§ WORK INSTRUCTION: For the records below, output each line exactly as it appears, from the first through the line with "Klassy Network by Klassy Network".

○ ○ ○ ○ ○ ○ ○

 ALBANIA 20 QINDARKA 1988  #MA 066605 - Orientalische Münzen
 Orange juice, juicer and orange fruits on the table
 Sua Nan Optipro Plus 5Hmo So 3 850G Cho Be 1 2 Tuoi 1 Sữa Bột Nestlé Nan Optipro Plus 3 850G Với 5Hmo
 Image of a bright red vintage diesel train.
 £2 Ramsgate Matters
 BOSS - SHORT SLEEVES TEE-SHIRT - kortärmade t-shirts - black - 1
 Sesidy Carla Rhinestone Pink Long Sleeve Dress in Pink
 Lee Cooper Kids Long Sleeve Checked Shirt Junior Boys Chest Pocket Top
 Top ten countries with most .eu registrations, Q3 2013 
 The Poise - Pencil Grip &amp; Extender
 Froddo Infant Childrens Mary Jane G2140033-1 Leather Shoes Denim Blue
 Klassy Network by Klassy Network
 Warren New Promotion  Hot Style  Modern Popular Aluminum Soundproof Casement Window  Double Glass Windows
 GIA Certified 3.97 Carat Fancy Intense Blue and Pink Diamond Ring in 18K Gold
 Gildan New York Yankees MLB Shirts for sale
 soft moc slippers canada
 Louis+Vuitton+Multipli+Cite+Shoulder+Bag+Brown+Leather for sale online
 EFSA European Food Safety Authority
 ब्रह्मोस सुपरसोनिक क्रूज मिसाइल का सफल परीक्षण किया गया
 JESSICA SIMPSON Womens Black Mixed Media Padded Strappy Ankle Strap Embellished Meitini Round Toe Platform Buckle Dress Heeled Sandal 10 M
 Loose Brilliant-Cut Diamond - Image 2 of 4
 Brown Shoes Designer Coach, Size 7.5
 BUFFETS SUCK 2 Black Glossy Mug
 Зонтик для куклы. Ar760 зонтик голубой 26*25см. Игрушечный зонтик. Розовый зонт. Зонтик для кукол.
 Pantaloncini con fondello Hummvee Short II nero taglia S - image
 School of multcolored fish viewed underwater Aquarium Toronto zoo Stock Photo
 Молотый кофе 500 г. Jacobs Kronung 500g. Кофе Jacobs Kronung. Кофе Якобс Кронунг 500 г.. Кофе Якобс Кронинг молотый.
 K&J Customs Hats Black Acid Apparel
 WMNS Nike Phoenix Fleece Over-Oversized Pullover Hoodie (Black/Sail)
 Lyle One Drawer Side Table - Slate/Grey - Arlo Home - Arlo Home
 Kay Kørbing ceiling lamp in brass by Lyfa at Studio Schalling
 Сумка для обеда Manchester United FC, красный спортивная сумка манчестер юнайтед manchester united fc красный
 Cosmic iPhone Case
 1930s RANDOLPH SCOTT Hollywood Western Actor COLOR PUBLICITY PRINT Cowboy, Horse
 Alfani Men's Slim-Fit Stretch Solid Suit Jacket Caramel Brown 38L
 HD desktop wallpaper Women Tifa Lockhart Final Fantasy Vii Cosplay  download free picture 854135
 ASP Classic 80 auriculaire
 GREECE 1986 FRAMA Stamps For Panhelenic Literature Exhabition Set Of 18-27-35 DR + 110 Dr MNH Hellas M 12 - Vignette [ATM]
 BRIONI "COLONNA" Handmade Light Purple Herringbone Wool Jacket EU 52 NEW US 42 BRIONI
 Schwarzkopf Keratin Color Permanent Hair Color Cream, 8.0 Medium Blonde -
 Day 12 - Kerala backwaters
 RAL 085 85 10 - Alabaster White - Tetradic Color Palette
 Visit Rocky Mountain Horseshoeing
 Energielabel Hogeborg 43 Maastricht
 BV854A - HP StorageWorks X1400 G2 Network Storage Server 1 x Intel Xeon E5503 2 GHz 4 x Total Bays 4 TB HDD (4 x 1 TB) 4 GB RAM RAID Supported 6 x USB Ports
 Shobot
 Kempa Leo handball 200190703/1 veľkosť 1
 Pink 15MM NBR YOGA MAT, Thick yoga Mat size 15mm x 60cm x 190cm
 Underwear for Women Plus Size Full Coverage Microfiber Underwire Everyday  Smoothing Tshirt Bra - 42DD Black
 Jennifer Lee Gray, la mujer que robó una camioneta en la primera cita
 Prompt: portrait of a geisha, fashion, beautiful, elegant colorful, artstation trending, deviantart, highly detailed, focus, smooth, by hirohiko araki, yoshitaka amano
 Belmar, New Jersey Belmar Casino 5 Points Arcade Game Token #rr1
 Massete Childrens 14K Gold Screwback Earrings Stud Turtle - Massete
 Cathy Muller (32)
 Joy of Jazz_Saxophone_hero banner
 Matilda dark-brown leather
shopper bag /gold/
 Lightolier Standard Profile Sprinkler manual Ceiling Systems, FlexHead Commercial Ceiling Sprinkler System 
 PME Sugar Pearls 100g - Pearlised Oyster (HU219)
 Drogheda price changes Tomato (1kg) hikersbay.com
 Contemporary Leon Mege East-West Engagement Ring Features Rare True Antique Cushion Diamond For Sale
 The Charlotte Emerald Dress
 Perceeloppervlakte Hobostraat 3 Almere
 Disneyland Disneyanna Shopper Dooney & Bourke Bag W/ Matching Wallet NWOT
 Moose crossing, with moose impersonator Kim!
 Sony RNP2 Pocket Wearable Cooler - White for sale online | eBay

○ ○ ○ ○ ○ ○ ○

§ ANSWER SECTION:
 ALBANIA 20 QINDARKA 1988  #MA 066605 - Orientalische Münzen
 Orange juice, juicer and orange fruits on the table
 Sua Nan Optipro Plus 5Hmo So 3 850G Cho Be 1 2 Tuoi 1 Sữa Bột Nestlé Nan Optipro Plus 3 850G Với 5Hmo
 Image of a bright red vintage diesel train.
 £2 Ramsgate Matters
 BOSS - SHORT SLEEVES TEE-SHIRT - kortärmade t-shirts - black - 1
 Sesidy Carla Rhinestone Pink Long Sleeve Dress in Pink
 Lee Cooper Kids Long Sleeve Checked Shirt Junior Boys Chest Pocket Top
 Top ten countries with most .eu registrations, Q3 2013 
 The Poise - Pencil Grip &amp; Extender
 Froddo Infant Childrens Mary Jane G2140033-1 Leather Shoes Denim Blue
 Klassy Network by Klassy Network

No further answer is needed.